WHAT IS BEING ASKED: Drop the pictures; give again exactly the lines from the one holding "Signed: Tiffany & Co. 925" through the end of the data.

(Saved data entries)

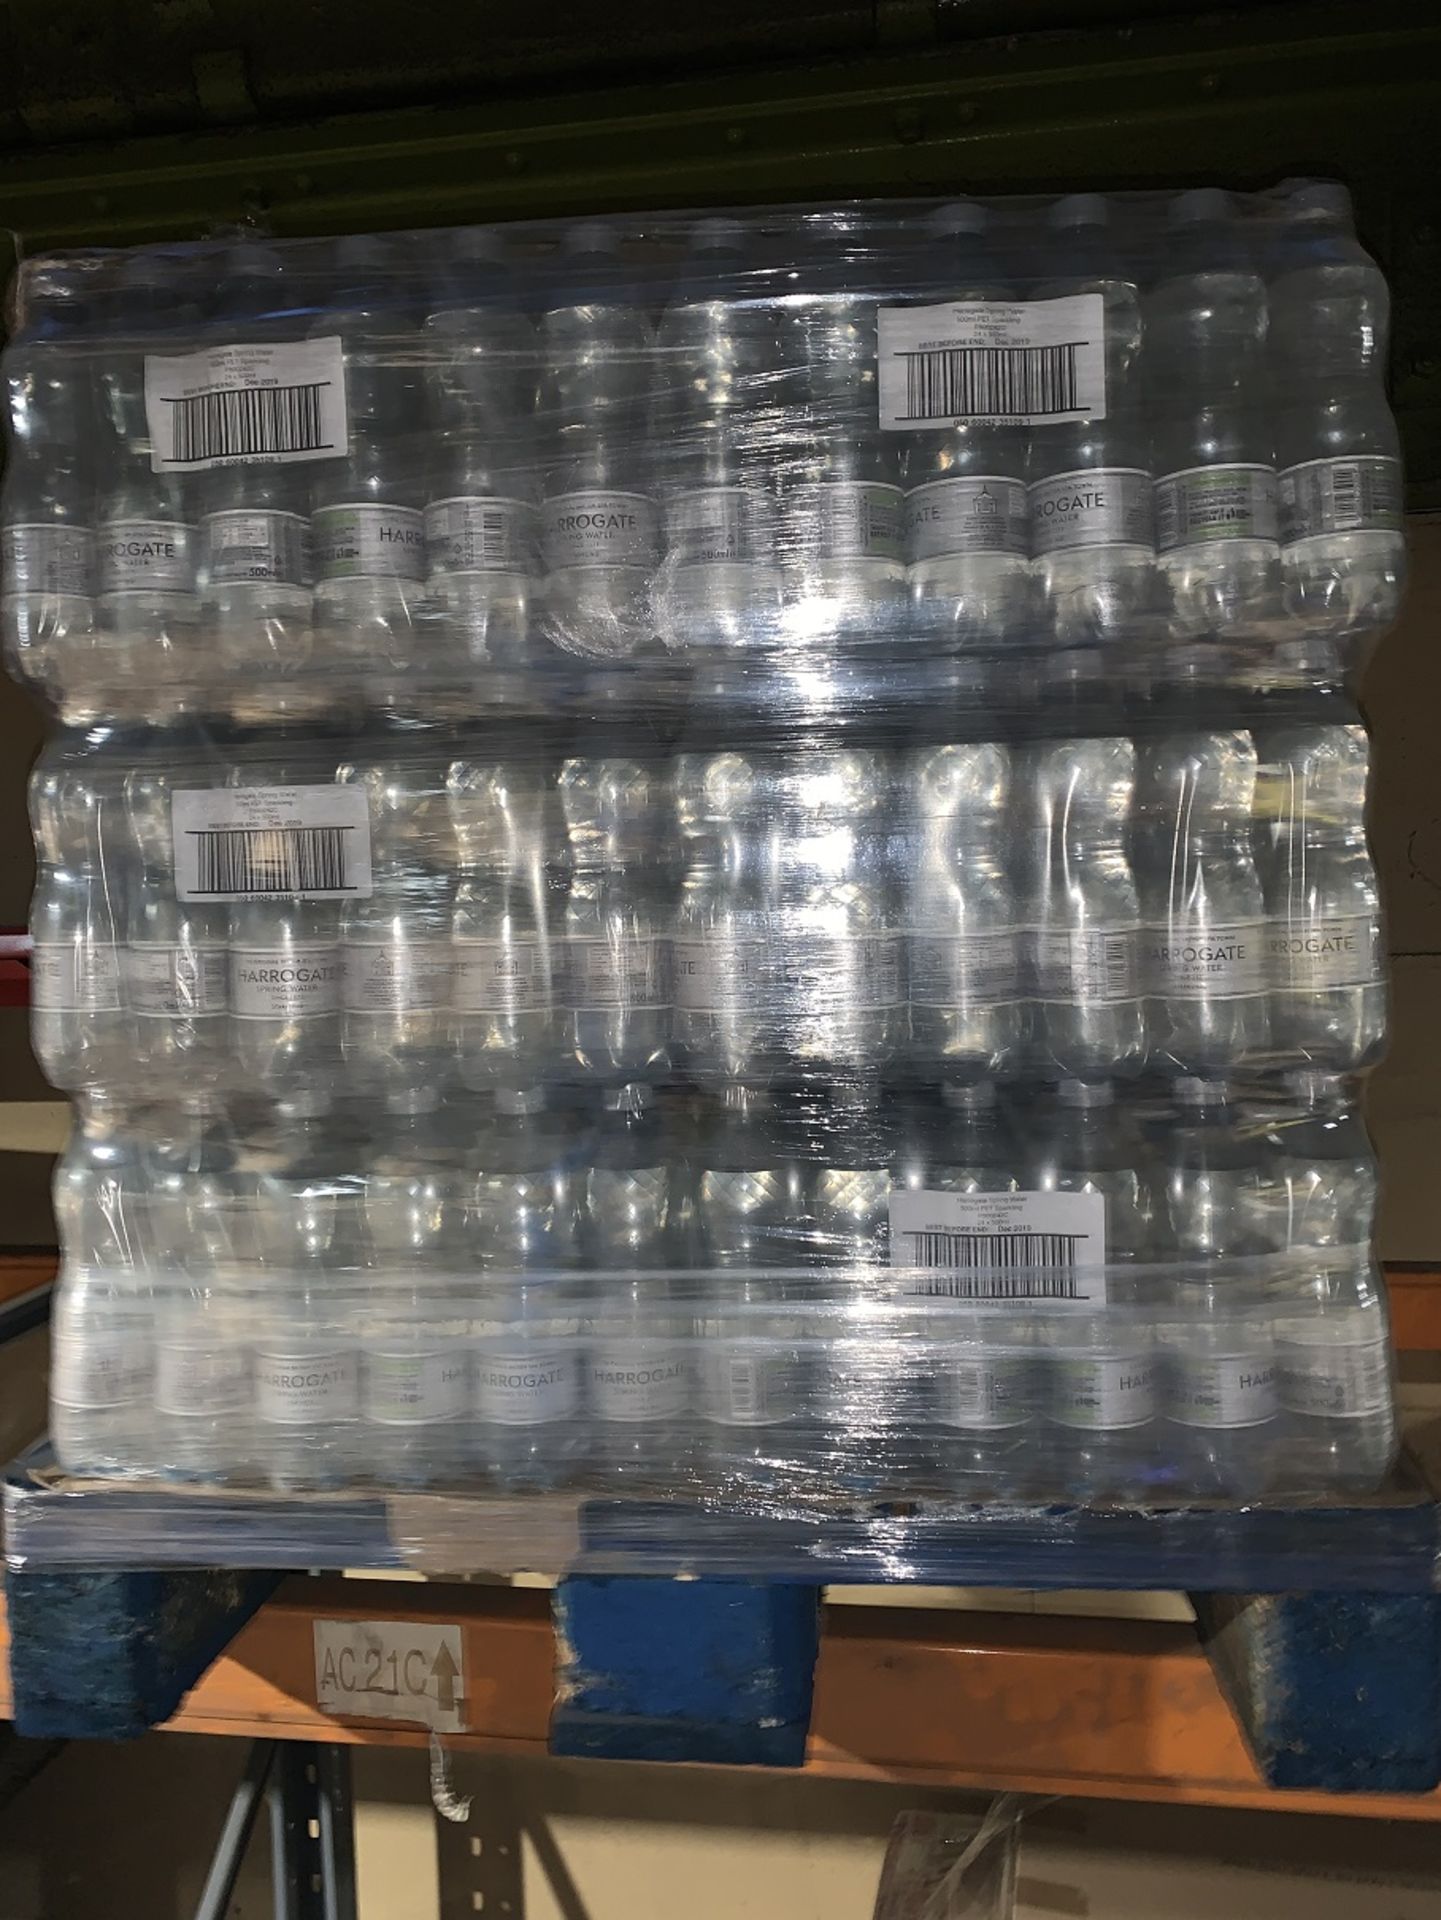 1 LOT TO CONTAIN 720 (APPROX) BOTTTLES OF HARROGATE SPARKLING SPRING WATER - BEST BEFORE DECEMBER
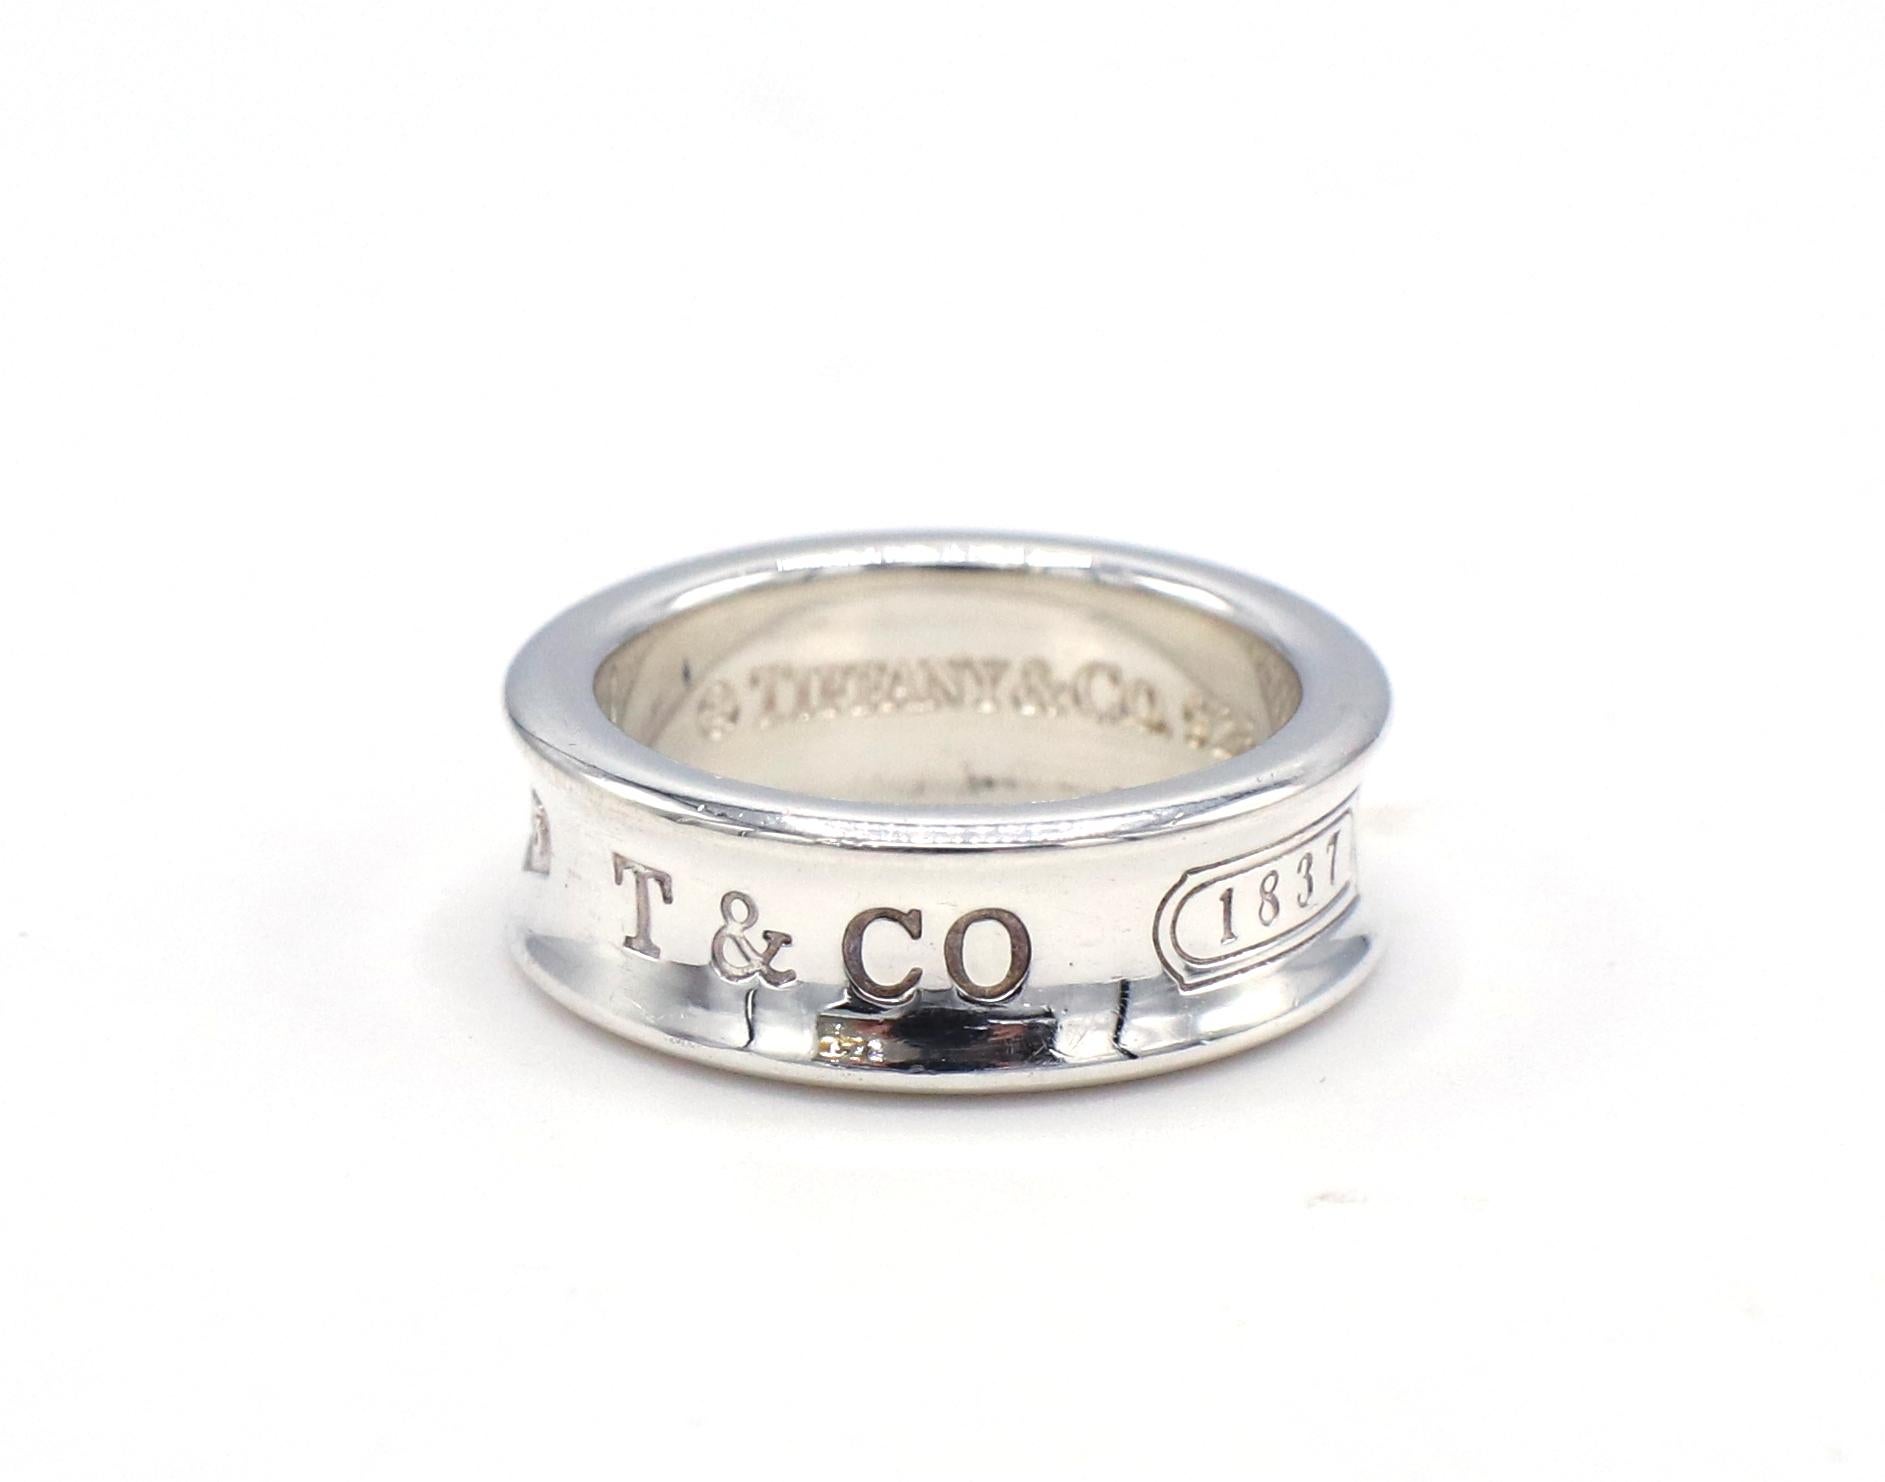 Tiffany & Co. 1837 Sterling Silver Vintage Band Ring 
Metal: Sterling silver
Weight: 7.59 grams
Size: 5.75 (US)
Width: 7mm
Signed: Tiffany & Co. 925 
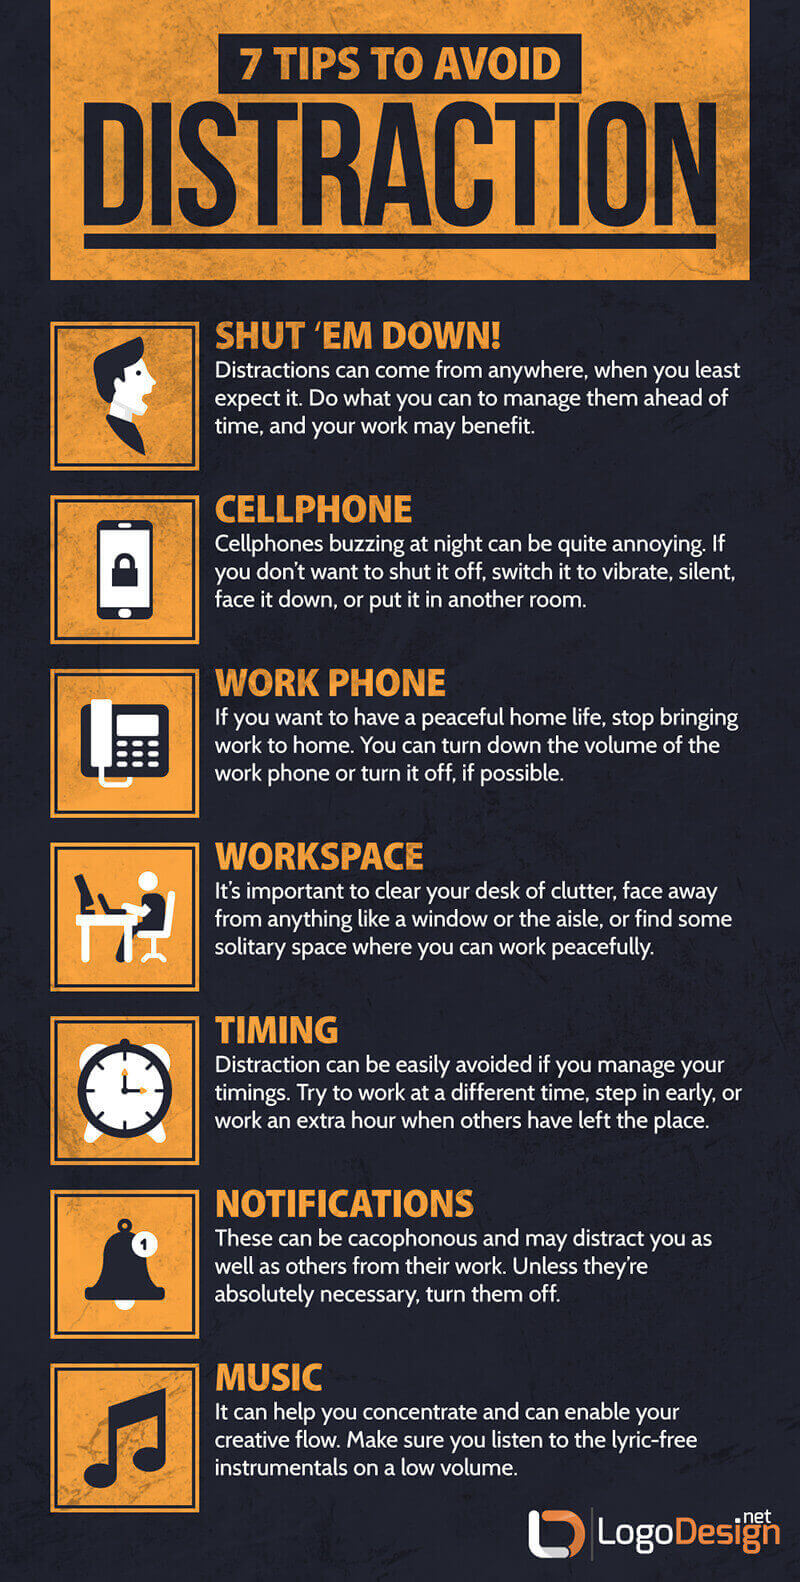 7 tips to avoid distraction for ADHD individuals infographic

ANSWER SPACE:
Signed: Tiffany & Co. 925 
 7 tips to avoid distraction for ADHD individuals infographic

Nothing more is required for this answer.